Men use characteristics to evaluate potential partners, especially those that contrast with those women use to evaluate potential relationship partners. Men place more importance on indicators of youth and fertility, while women place more importance on social status and resource potential. Choosing a mate includes decisions about whether or not to pair up and how many resources to allocate to each mate or partner.
An essential factor in the evolution of male mate choice is the relationship between the number of receptive females available to a male individual for mating. Men, more often than women, explicitly ask for a sexual relationship. Generally, men are looking for potential partners younger than them, a growing trend among older advertisers. Males prefer younger, physically attractive mates. Fertility traits were rated more highly by men than women. Men have their preferences about their partner's appearance.
Men's primary concern is to nourish a female friend to have children. Men tend to look for a relatively young woman with full labia, breasts, and hips and a smaller waistline, indicating sufficient estrogen levels for successful childbirth. Men also look for facial symmetry, lustrous hair, fair skin, and white sclera. Men care less about the social status of their chosen companions.

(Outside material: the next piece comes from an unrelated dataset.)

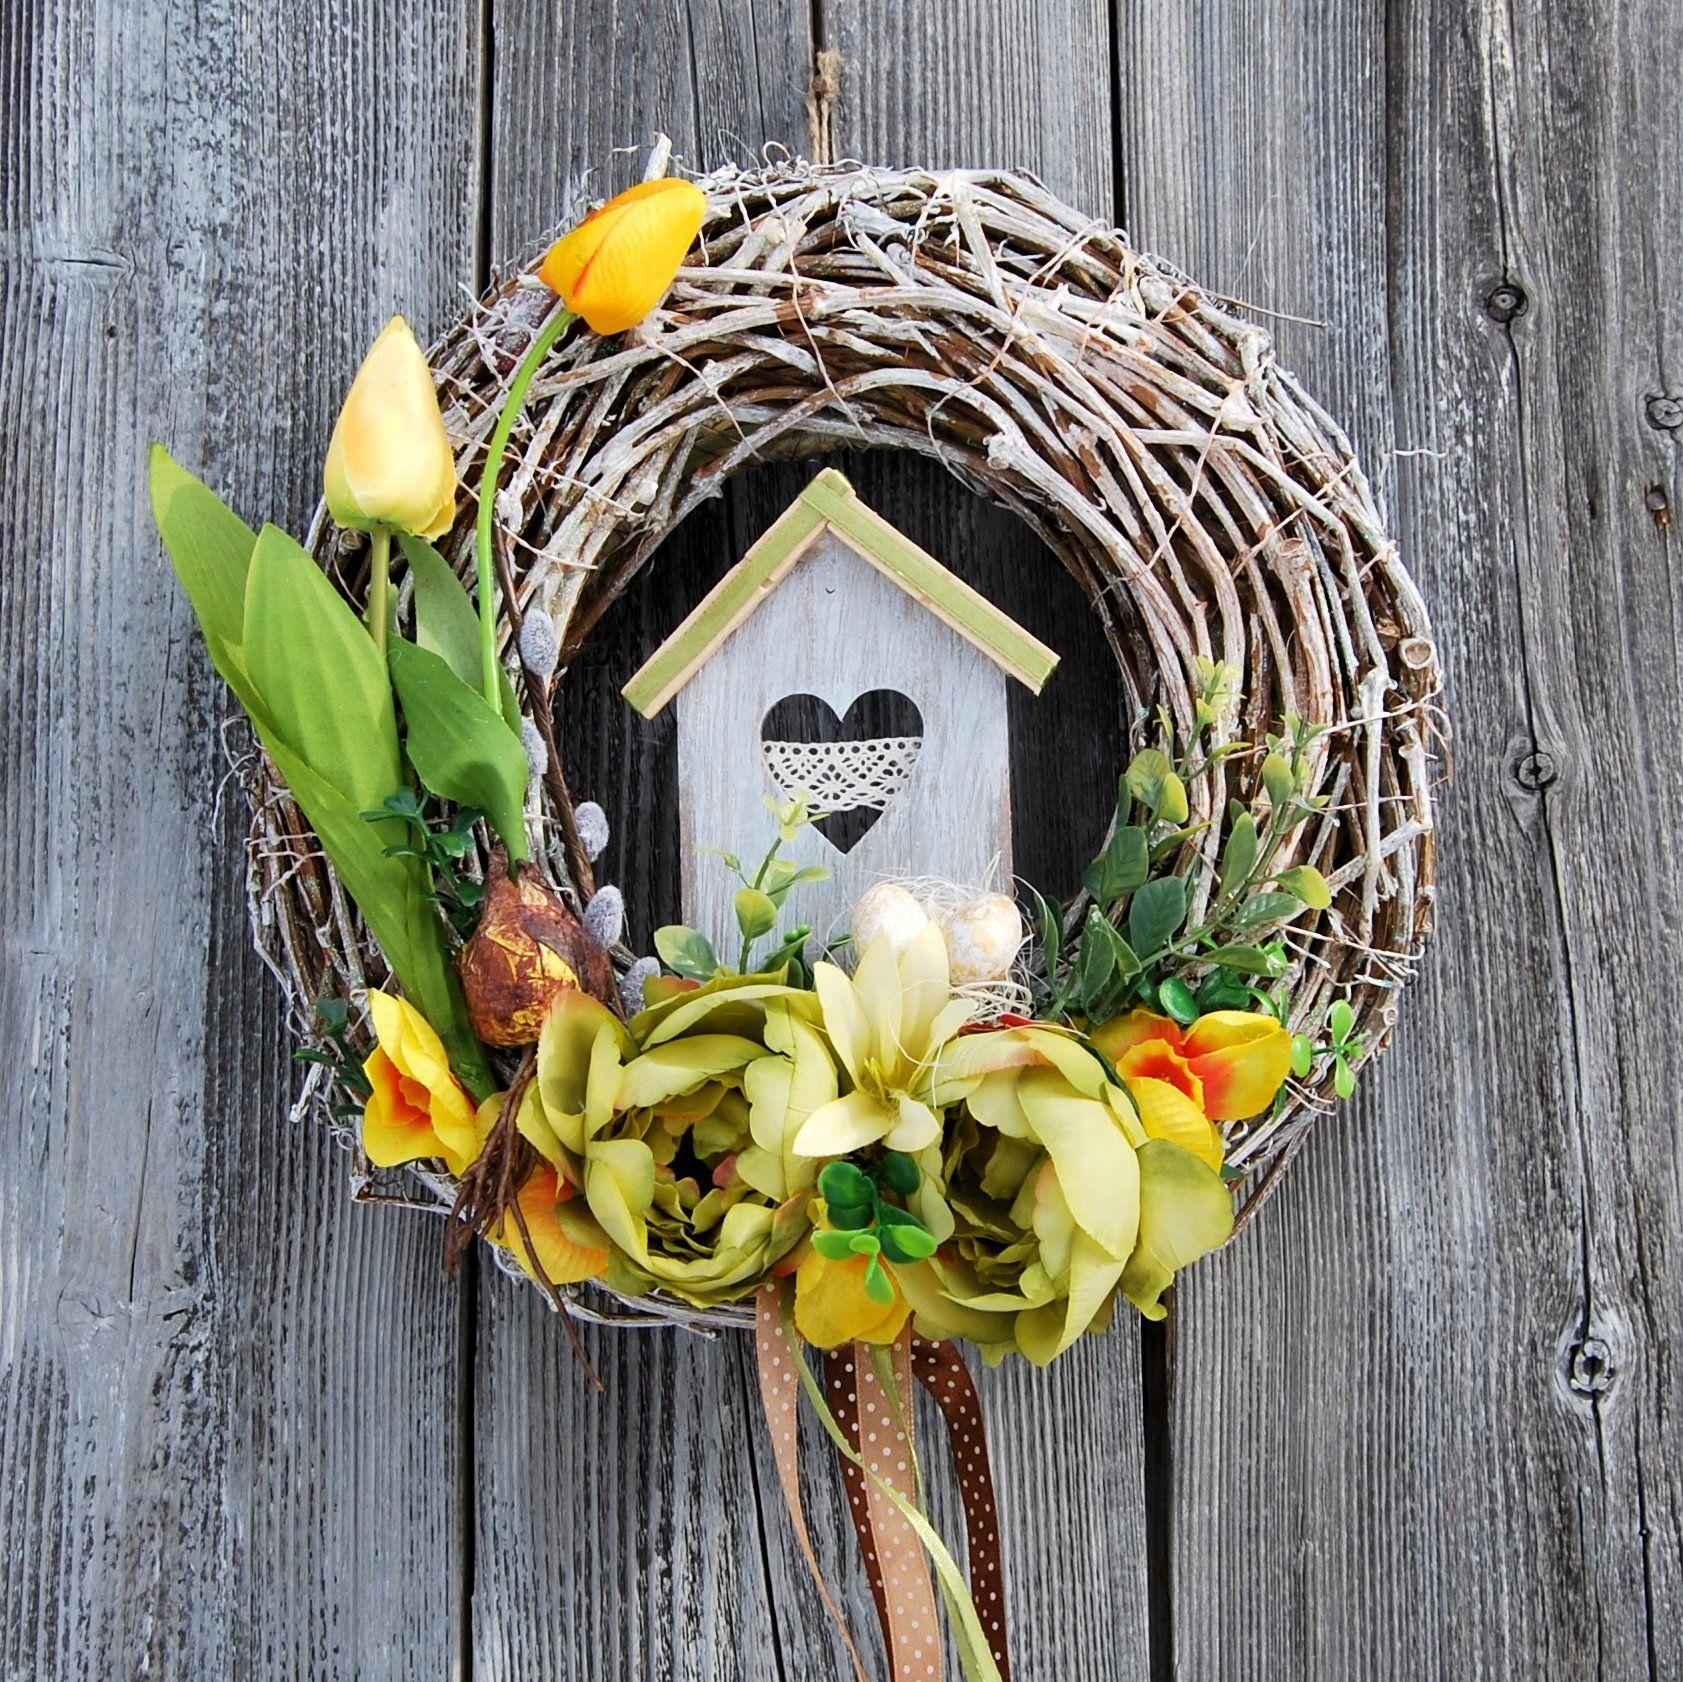 Wianek Wielkanocny Wianek Wielkanoc Wianek Na Drzwi Stroik

The ground rules established by women provide one answer to the problem of why men desire marriage. Men who failed to commit would have suffered selectively on the mating market since it is evident that many ancestral women required solid signals of male commitment before consenting to intercourse. Guys who do not exhibit an interest in commitment may not be able to attract any women at all. Another advantage of marriage is that it improves the kind of woman that a man may attract.
Men who offer long-term wealth, protection, and commitment to children are more enticing to women. Thus, men prepared to commit to the long term have a larger pool of women to pick from. Such guys attract attractive women because most women seek long-term commitment, and highly appealing women are in the most excellent position to acquire it.
A third possible advantage is an increase in the likelihood that a guy is the father of the children a woman births. Marriage provides a guy with repeated sexual access—in most situations, exclusive sexual access. His paternity would be jeopardized if he did not have this repeated or exclusive access. As a result, married males reap the reproductive benefit of increased paternity certainty.
A fourth potential advantage of marriage would have been an increase in the man's children's survival. Infants and early children are likelier to die in ancestral habitats without the protracted involvement of two parents or a connected family. Even today, children without an investing father have a mortality rate greater than 10% greater than children whose dads are still alive among the Ache (also known as Guayaki) Indians of Paraguay. The crucial point is that an increase in a man's children's survival rates may have been one adaptive benefit that prehistoric males gained by engaging in a long-term marriage connection.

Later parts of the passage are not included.